Improved YOLOv8 Bird Recognition Algorithm Integrates ViT and Multi-scale Attention
Qiang ZHANG , Can-zhi ZHANG, Heng CAO, Teng-jiao YUAN
Affiliations
  • College of Air Traffic Management, Civil Aviation Flight University of China, Deyang 618300, China
出版时间: 2025-07-08 doi: 10.12404/j.issn.1671-1815.2405983
文章导航
收藏切换

针对飞鸟识别中存在密集目标识别不准确、小目标检测困难等问题,提出一种基于改进YOLOv8的飞鸟识别算法。首先,针对密集目标识别难度大的问题,采用多尺度线性注意力机制EfficientViT替换骨干网络,实现全局感受野和多尺度学习,提升模型性能和效率的同时提高密集目标识别效果。然后,针对小目标飞鸟检测困难、容易出现漏检的问题,引入高效多尺度注意力 (efficient multi-scale attention, EMA)机制,通过通道重组实现跨维度聚合特征,从而更好地捕捉全局信息,实现多尺度特征融合,减少漏检概率。实验结果表明,改进模型在鸟类识别基准数据集CUB-200-2011和自制数据集birds28上的mAP50分别达到77.1%和88.4%,较原始YOLOv8模型分别提高了4.5和5.4个百分点,验证了改进模型的有效性。

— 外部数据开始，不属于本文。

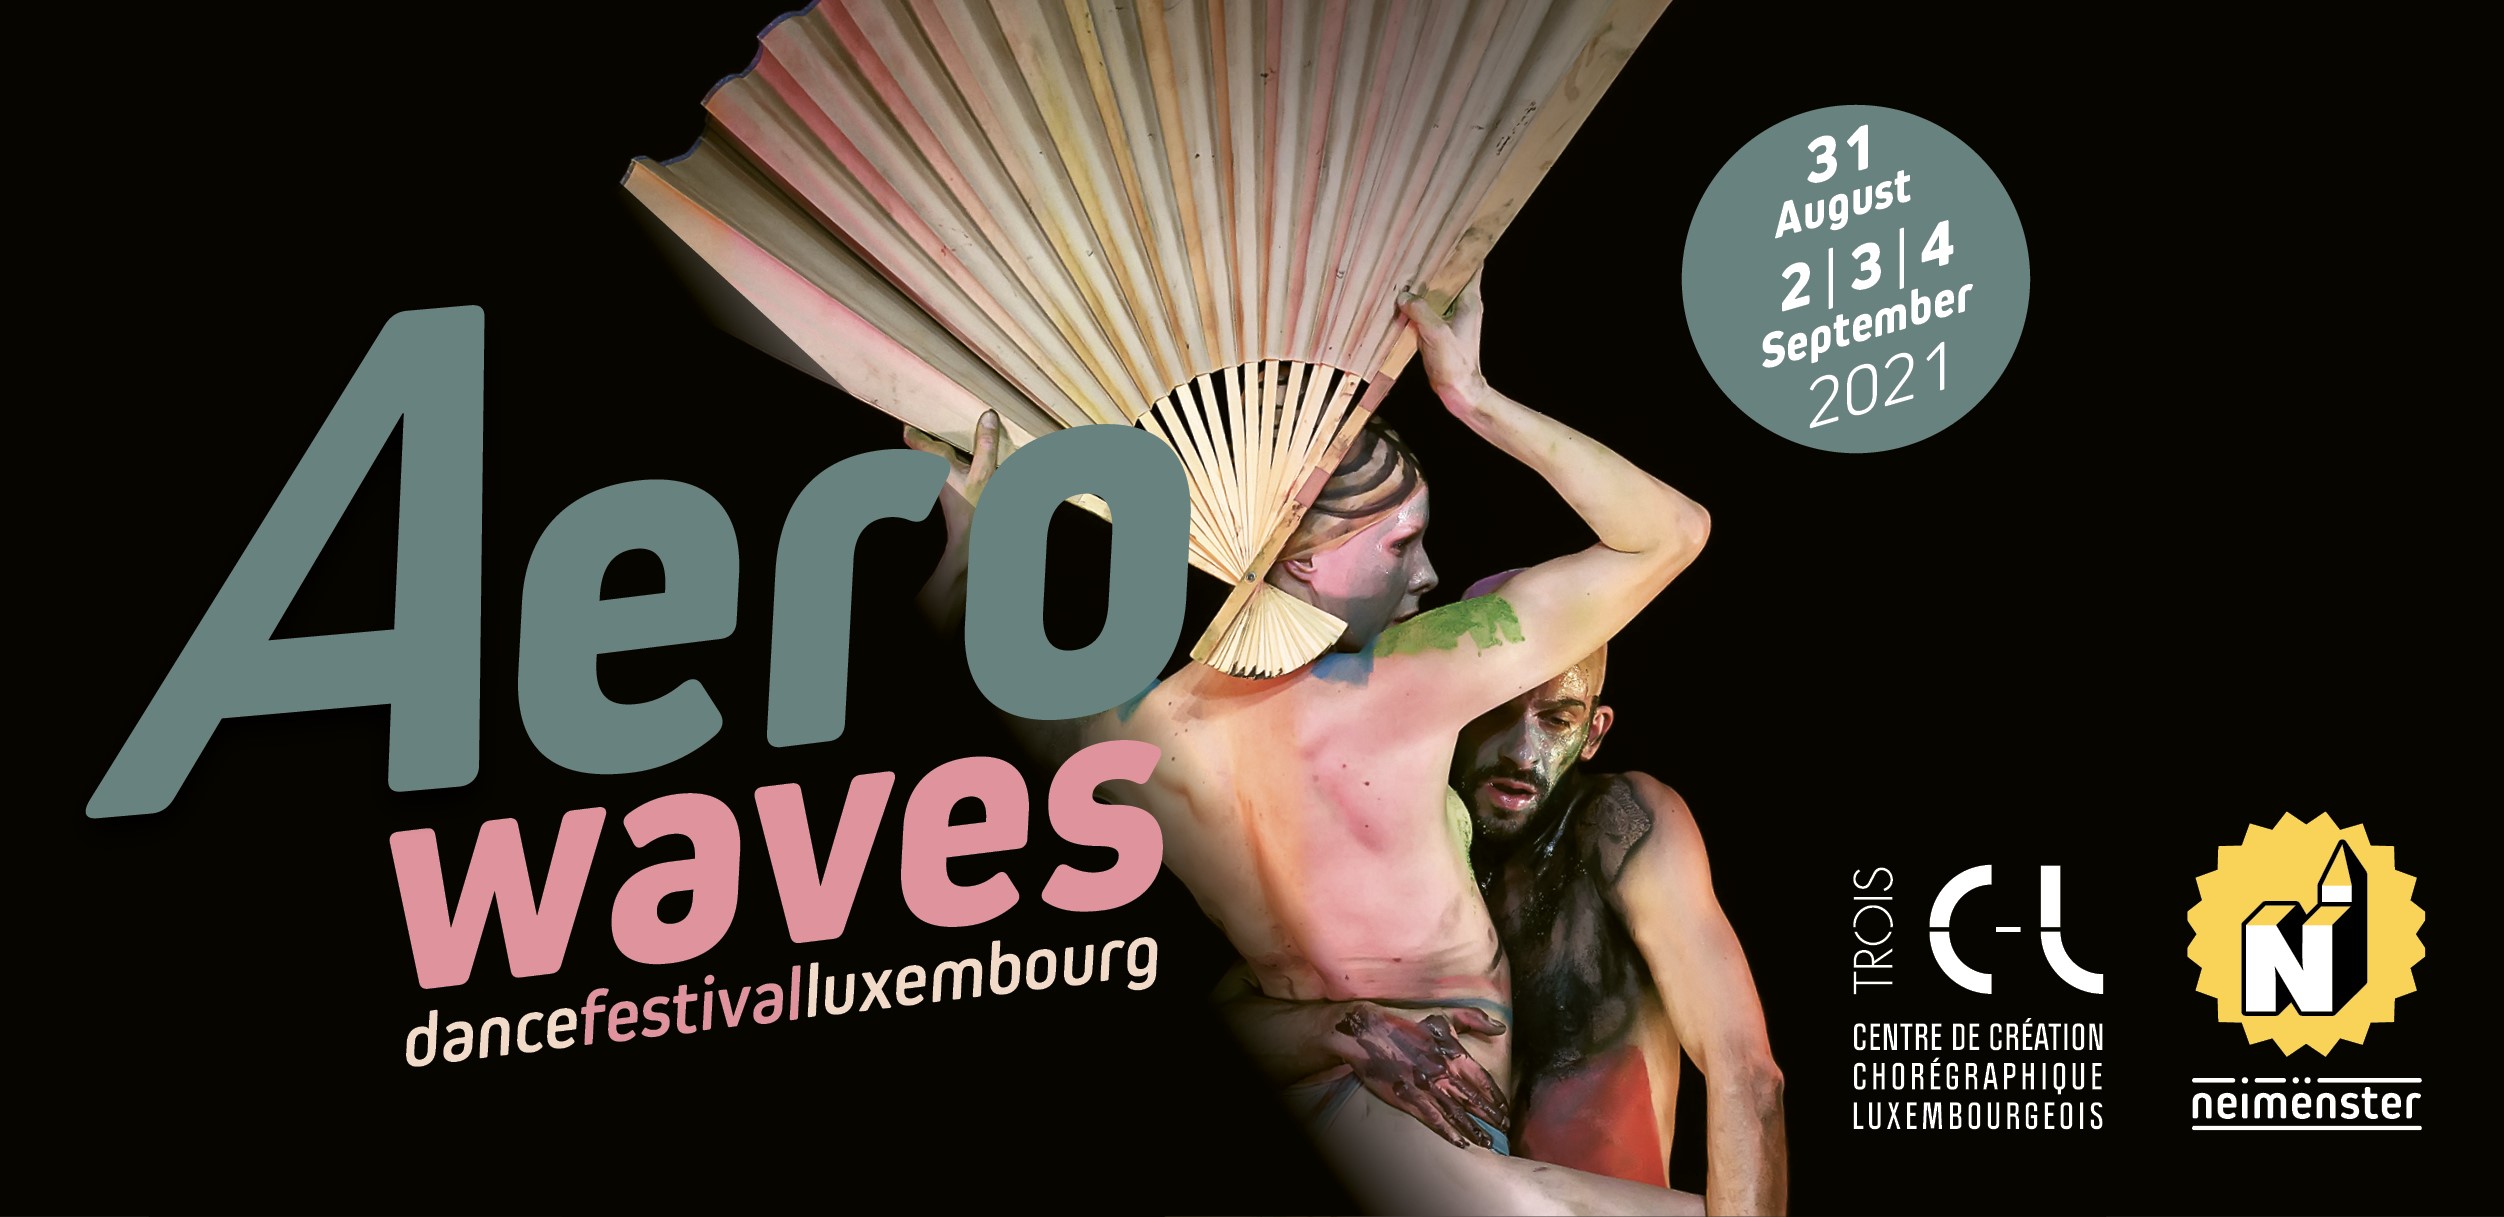 Anne-Mareike Hess et Léa Tirabasso à l'Aerowaves Dance Festival

飞鸟识别  /  多尺度注意力  /  密集目标识别  /  YOLOv8  /  EfficientViT  /  EMA

In order to solve the problems of inaccurate dense target recognition and difficult detection of small targets in bird recognition, a bird recognition algorithm based on improved YOLOv8 was proposed. Firstly, in order to solve the problem of difficult dense object recognition, the multi-scale linear attention mechanism EfficientViT was used to replace the backbone network to realize the global receptive field and multi-scale learning, improve the performance and efficiency of the model, and improve the dense object recognition effect. Then, in order to solve the problem that it is difficult to detect small target birds and is prone to missed detection, an efficient multi-scale attention EMA (efficient multi-scale attention) mechanism was introduced to realize cross-dimensional aggregation features through channel recombination, so as to better capture global information, realize multi-scale feature fusion, and reduce the probability of missed detection. The experimental results show that the mAP50 of the improved model on the benchmark dataset CUB-200-2011 and birds28 reaches 77.1% and 88.4%, respectively, which is 4.5 and 5.4 percentage points higher than the original YOLOv8 model, respectively, which verifies the effectiveness of the improved model.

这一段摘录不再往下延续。